The neat thing about these two representations is that one can switch between an integral where the only dependency on \(x\) is in \(f(g(x,\varepsilon))\) and an integral where the only dependency on \(x\) is in \(p(g_x^{-1}(u))\). When we take the derivative of \(E[Z(x)]\), there is therefore an equivalency between finding out how every value of the function \(f(g(x, \varepsilon))\) changes holding weights \(p(\epsilon)\) constant and finding out how the weights \(p(g_x^{-1}(u))\) change holding the function \(f(u)\) constant.

The first approach is the easiest, giving a derivative of:

$$\frac{d E[Z(x)]}{dx} = \int_{-\infty}^{\infty} \frac{\partial f\circ g}{\partial x}(x, \varepsilon) p(\varepsilon) d\varepsilon = \int_{-\infty}^{\infty} \left [f'(g(x, \varepsilon)) \frac{\partial g}{\partial x}(x, \varepsilon)\right ] p(\varepsilon) d\varepsilon$$

The second approach gives the following, which can be solved by quotient rule[1] assuming that \(g(x, -\infty)\) and \(g(x, \infty)\) do not depend on \(x\).

\begin{flalign} \frac{d E[Z(x)]}{dx} &= \int_{g(x, -\infty)}^{g(x, \infty)} f(u) \frac{d}{dx} \left [p(g_{x}^{-1}(u)) \left (\frac{\partial g_x}{\partial\varepsilon}(g_x^{-1}(u)) \right)^{-1}\right ] du \\ &= \left. -\int_{g(x, -\infty)}^{g(x, \infty)} f(u) \frac{p'\frac{\partial g}{\partial x} + p\left [\frac{\partial^2 g}{\partial x\partial \varepsilon} - \frac{\partial^2 g}{\partial \varepsilon^2}\frac{\partial g}{\partial x}\left (\frac{\partial g}{\partial \varepsilon}\right)^{-1}\right ]} {\left (\frac{\partial g}{\partial\varepsilon}\right)^2} \right |_{(x, g_x^{-1}(u))} du \end{flalign}

Simple Applications


Additive Noise

These equations can be used to generically handle different ways of randomly perturbing the input to a function.
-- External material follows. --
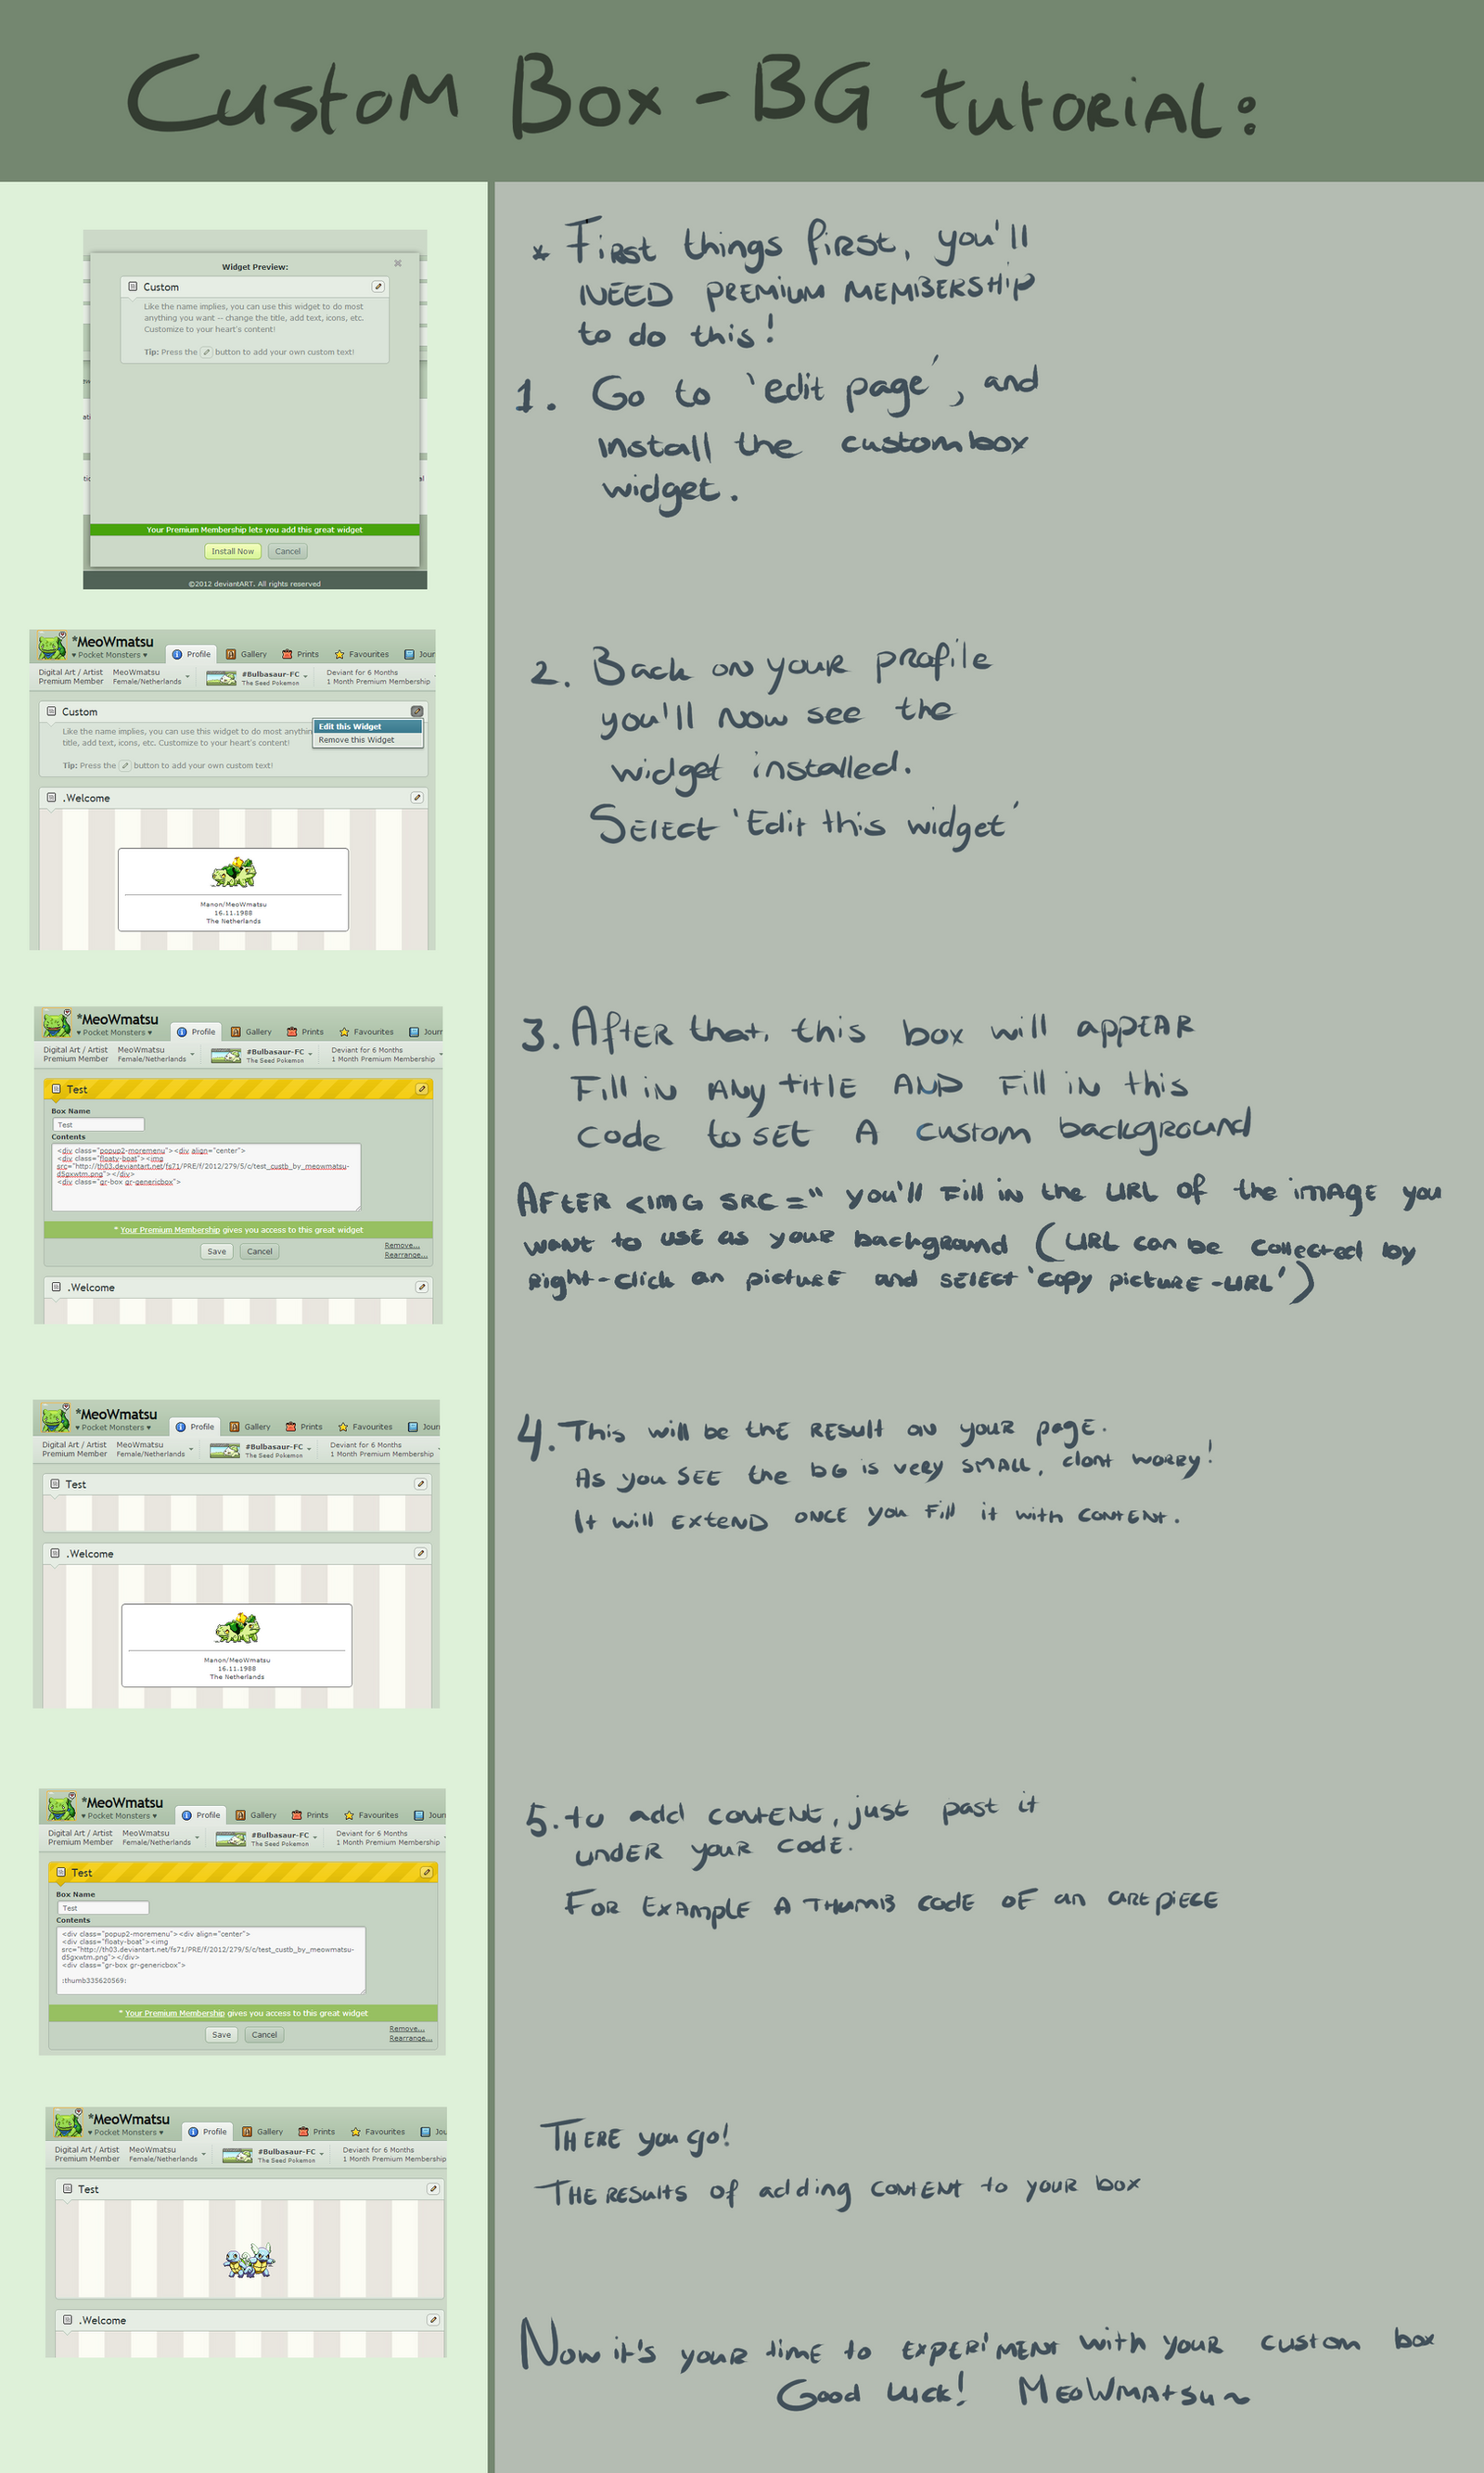 Custom box - Background tutorial by MeoWmatsu

While the latter equation is kind of complicated, it simplifies greatly in cases where \(g\) is simple -- which it usually will be. For example, if \(g(x,\varepsilon) = x - \varepsilon\), the first representation is straightforward and the second derivatives in the second representation vanish nicely. Thus one has:

$$ \frac{d E[Z(x)]}{dx} = \int_{-\infty}^{\infty} f'(x - \varepsilon) p(\varepsilon) d\varepsilon = \int_{-\infty}^{\infty} f(u) p'(u-x) du $$

In this case, both representations look similar except with the differentiated component switched.This is due to the simplicity of \(g\) and, as \(g\) gets more complicated, the second integral representation does too.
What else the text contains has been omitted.